A panel of four alumni, including New York Attorney General Eliot Spitzer '81, reflected Friday on the benefits and detriments of government service, as part of an all-day symposium in honor of the Wilson School's 75th anniversary.
Spitzer, who has announced his intention to seek the 2006 Democratic nomination for governor of New York, pinned the latest downturn in government service on the ideology of recent Republican presidents.
"I think the argument I would make is that the ideology that a magnetic leader proffers to the public will either lead to a desire to participate in public service or it won't," Spitzer told the audience, made up predominantly of University alumni. "Since 1976, there has been, other than Bill Clinton's eight-year hiatus, an overwhelming argument that public service and government doesn't matter."
Leonard Lance GS '82, the Republican Minority Leader in the New Jersey State Senate, had a different take on what has driven qualified people away from government service.
"My experience is having run for election versus having been appointed," he explained. "The pool [of candidates for elected office] is confined to the rich, and, indeed, the very rich. We only have to look at the recent race for governor in New Jersey, where the losing candidate spent a pittance of $35 million. Each was nominated, in my judgment, for his wealth and his ability to fund his own campaign, which is a growing and disturbing trend."
Mike McCurry '76, who served as President Clinton's press secretary from 1994 to 1998 and was the senior strategist for the 2004 Kerry campaign, said that the current political climate has driven many away.
"Until we reach that point where people are not about destroying each other politically so that they can win and government is about mediating and compromise, people aren't going to go into government to make a real difference," he said.
Speaking for the "younger generation," Cara Abercrombie GS '03, who is the country director for India at the Department of Defense, said that the world of government was hard to enter.
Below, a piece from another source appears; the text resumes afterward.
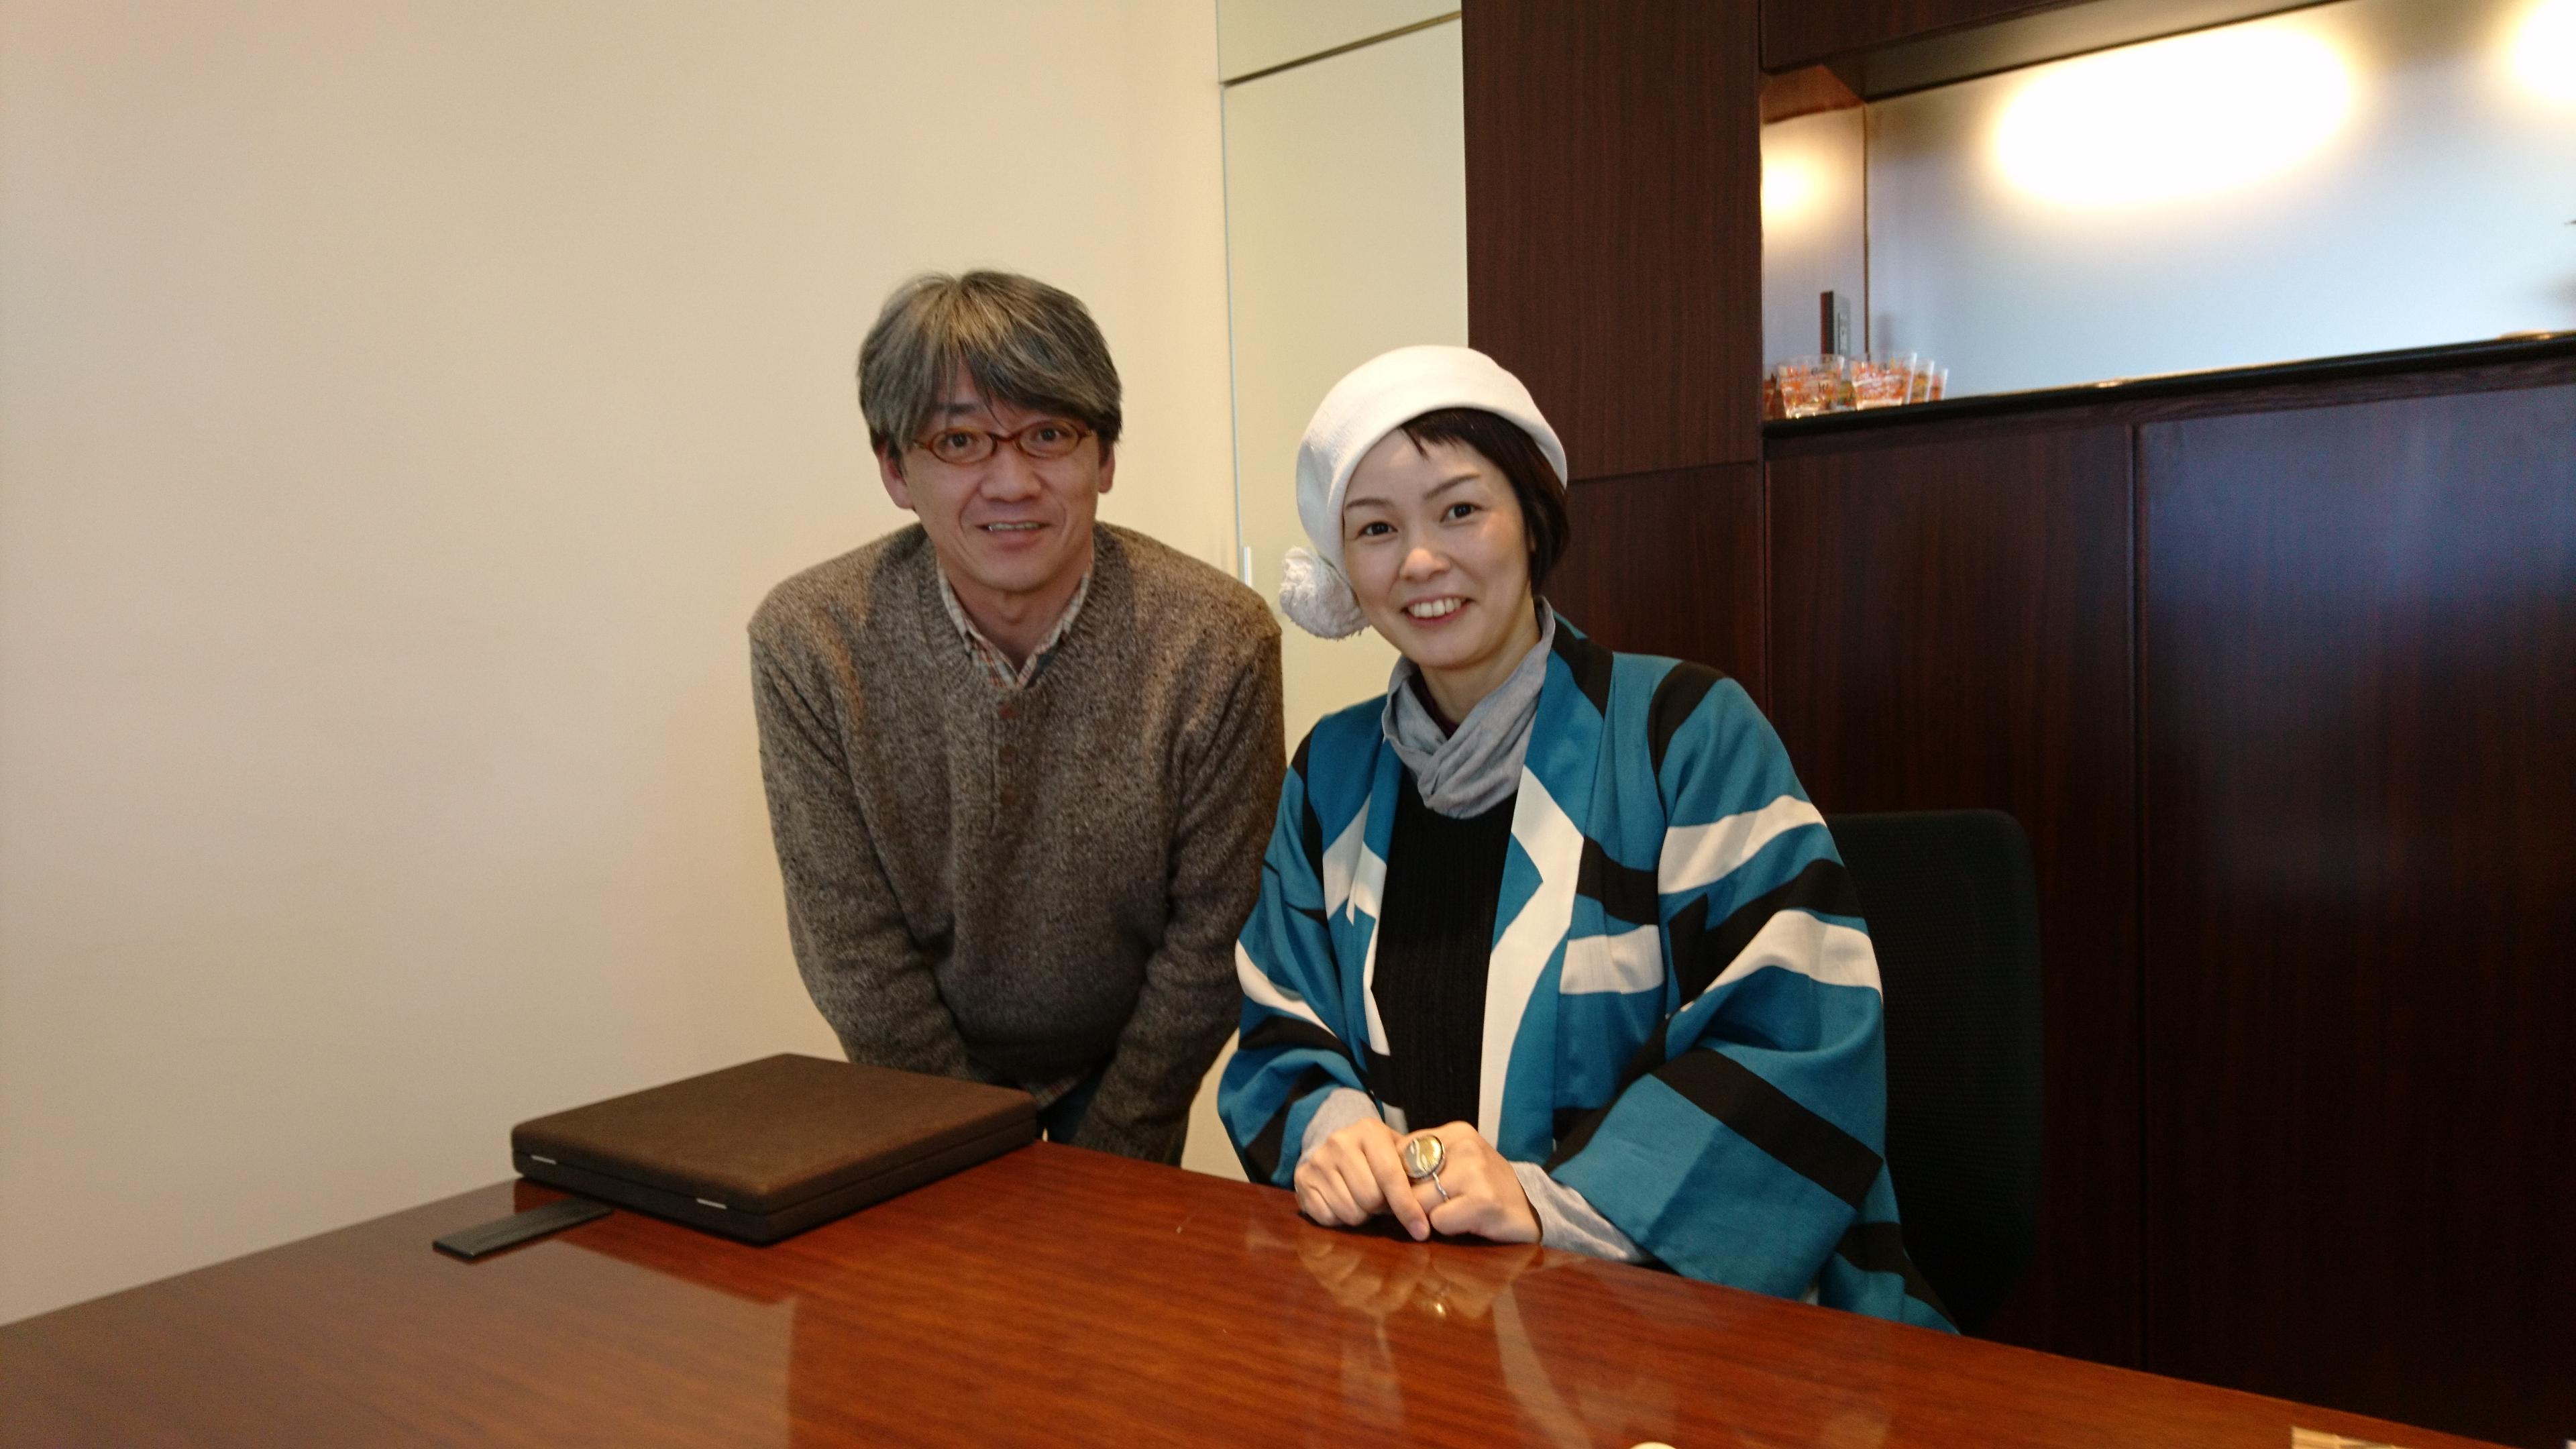 http://hashiguchi-seikotu.com/blog/about/DSC_0275.JPG

"I think the civil service hiring practice is broken right now," she said.
To fix these problems, the panelists offered a wide array of solutions.
Spitzer said he supported a "year of national service, be it military or teaching or working in any of the [government] agencies that would bring people together," drawing applause from the crowd.
Abercrombie advocated wider advertisement of government positions. "When I was an undergraduate, I didn't think of the government as an option because they weren't coming on campus and recruiting us," she said.
Abercrombie added she saw a "vast number of people who are retiring" in what she called a "top-loaded" government.
Ultimately, McCurry said that public servants need to regain the nation's trust.
"Most Americans would find it newsworthy that public officials and elected folks try hard to do the right thing because their impression now is quite the contrary because all they read about is scandal and corruption and malfeasance and people doing stupid things," he said.